Earnout Modeling in M&A Deals and Merger Models

Описание к видео Earnout Modeling in M&A Deals and Merger Models

In this tutorial, you’ll learn how and why earn-outs are used in M&A deals, how they appear on the 3 financial statements, and how they impact the transaction assumptions and combined financial statements in a merger model.

By http://breakingintowallstreet.com/ "Financial Modeling Training And Career Resources For Aspiring Investment Bankers"

Table of Contents:

1:28 What Earn-Outs Are and Why You Use Them

7:46 How Earn-Outs Show Up on the 3 Statements

12:21 How Earn-Outs Impact Purchase Price Allocation and Sources & Uses

16:02 How Earn-Outs Affect the IS, BS, and CFS in a Merger Model

19:12 Recap and Summary

What Earn-Outs Are and Why You Use Them

Instead of paying for a company 100% upfront, the buyer offers to pay some portion of the price later on – if certain conditions are met.

Example: “We’ll pay you $100 million for your company now, and if you achieve EBITDA of $20 million in 2 years, we’ll pay you an additional $50 million then.”

Earn-outs are VERY common for private company / start-up acquisitions in tech, biotech, pharmaceuticals, and related “high-risk industries.”

EA acquired PopCap for $750 million upfront, and offered an earn-out that varied based on PopCap Games’ cumulative EBIT over the next 2 years. The schedule was as follows:

2-Year Earnings Under $91 Million: Nothing
2-Year Earnings Above $110 Million: $100 million
2-Year Earnings Above $200 Million: $175 million
2-Year Earnings Above $343 Million: $550 million

Why Use an Earn-Out?

You see them most often when the buyer and the seller disagree on the seller’s value or expected financial performance in the future.

Earn-outs are a way for the buyer and seller to compromise and say, “We don’t really know how we’ll perform in the future, but if we reach a target of $X in revenue or EBITDA, you’ll pay us more for our company.”

The buyer will almost always want to base the earn-out on the seller’s standalone Net Income, while the seller prefers to base it on revenue, partially so the seller can spend a silly amount to reach these revenue targets.

As a compromise, EBIT or EBITDA are sometimes used.

How Earn-Outs Show Up on the 3 Statements

Balance Sheet: Earn-Outs are recorded as “Contingent Consideration,” a Liability on the L&E side.

Income Statement: You record changes in the value of the Contingent Consideration here, i.e. if the probability of paying out the earn-out changes, you show it as a Loss or Gain here. It’s a Loss if the probability of paying the earn-out increases, and a Gain if the probability decreases.

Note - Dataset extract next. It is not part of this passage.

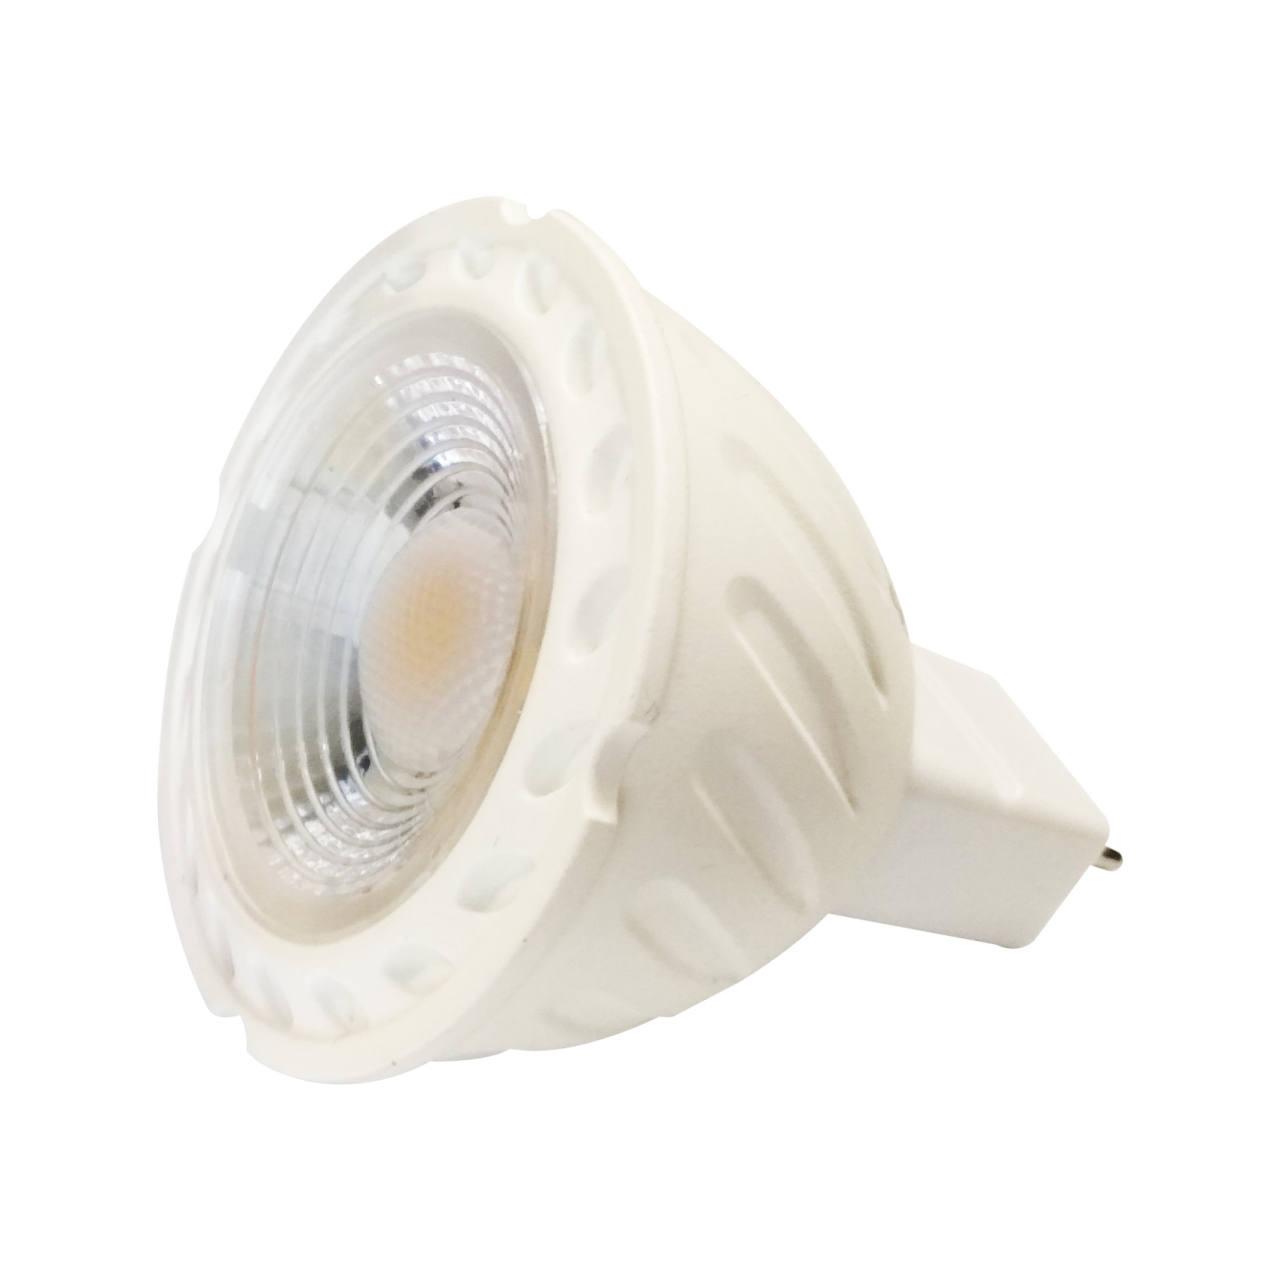 لامپ هالوژن ال ای دی 7 وات مدل GH7

Cash Flow Statement: When the earn-out is paid out in cash to the seller, it’s a cash outflow here. You also have to add back or subtract changes in the Contingent Consideration value here, reversing what is listed on the Income Statement.

How Earn-Outs Impact Purchase Price Allocation and Sources & Uses

Earn-outs do not affect the Sources & Uses schedule for the initial transaction since no cash is paid out yet.

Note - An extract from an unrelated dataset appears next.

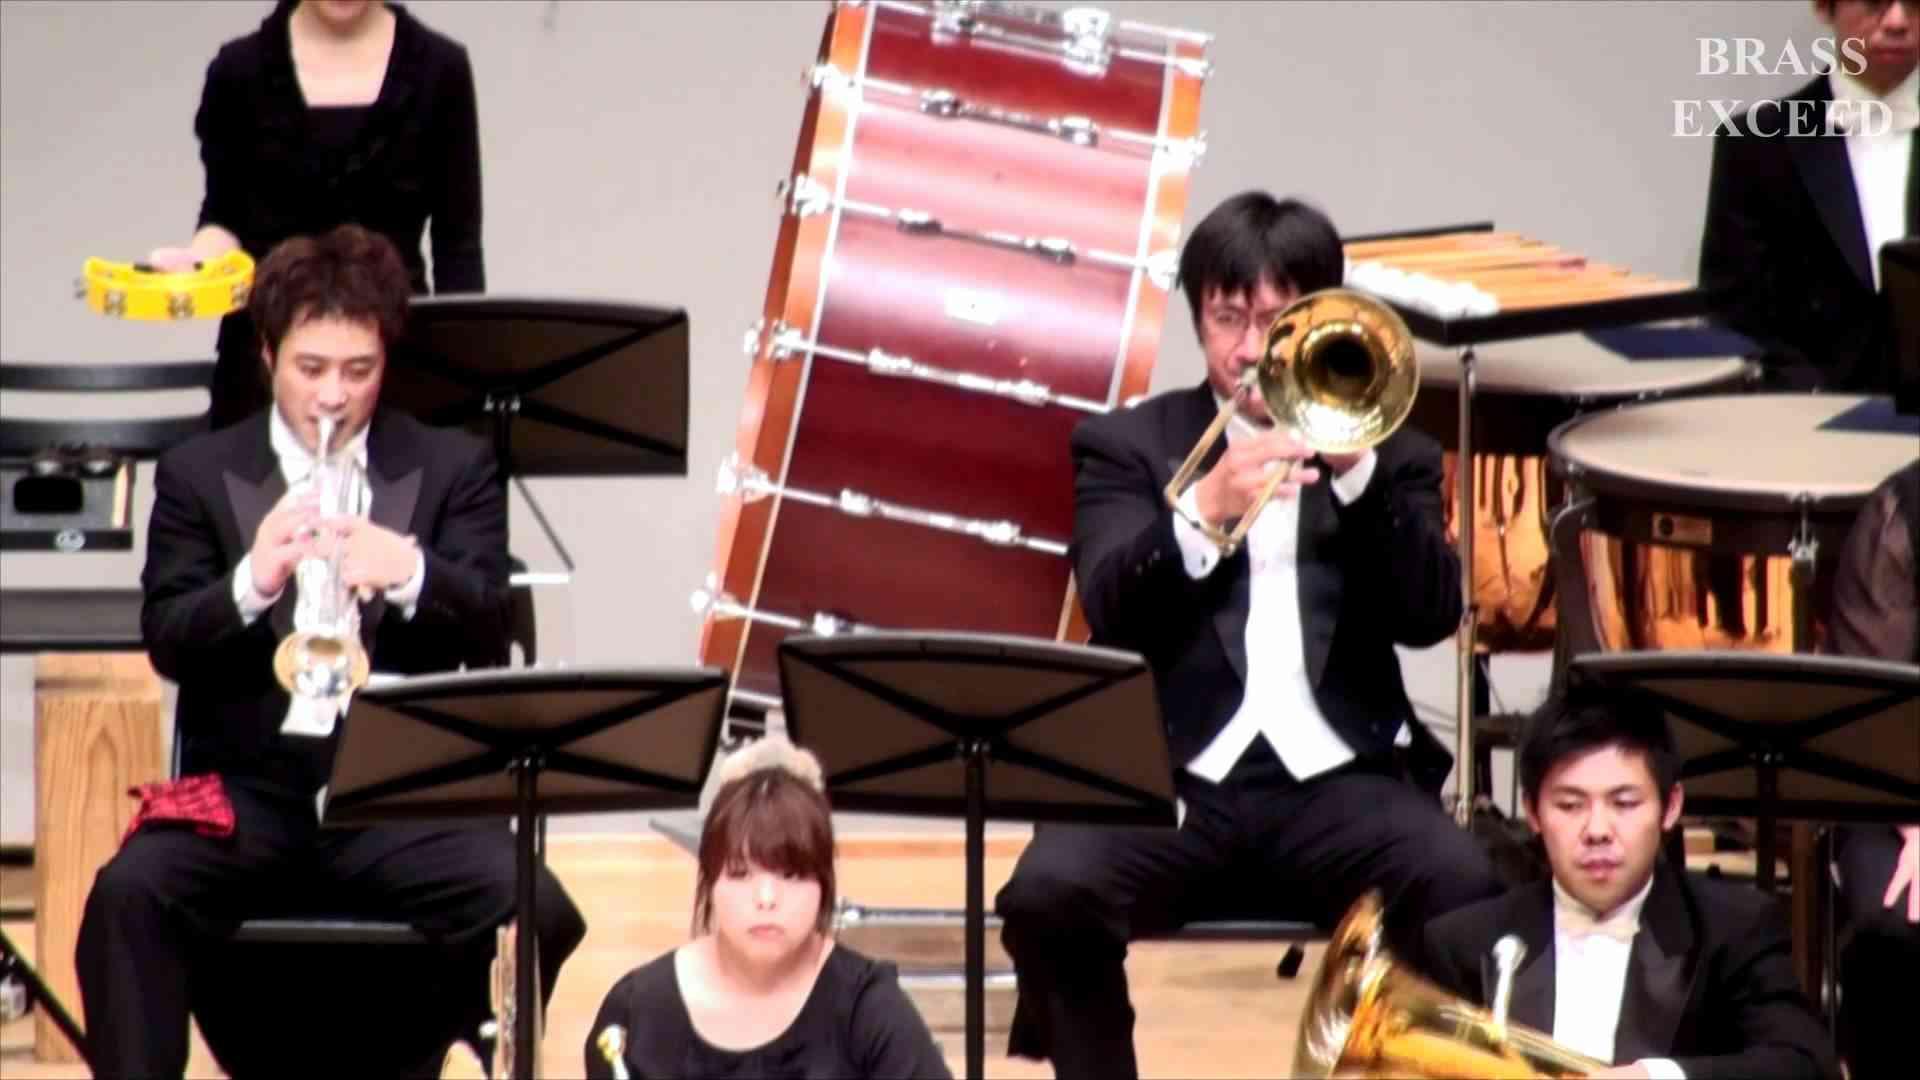 交響組曲「ドラゴンクエストⅡ」この道わが旅 BRASS EXCEED TOKYO - YouTube

Earn-outs increase the amount of Goodwill created in an M&A deal because they boost the Liabilities side of the Balance Sheet, which, in turn, requires higher Goodwill on the Assets side to balance it.

How Earn-Outs Affect the IS, BS, and CFS in a Merger Model

You tend to leave the Income Statement impact blank in a merger model unless you have detailed estimates for the seller’s future performance.

You SHOULD factor in the cash payout of the earn-out on the combined Cash Flow Statement – you can assume a 100% chance of payout, or some lower probability.

The payout will appear in Cash Flow from Financing and reduce cash flow and the company’s cash balance.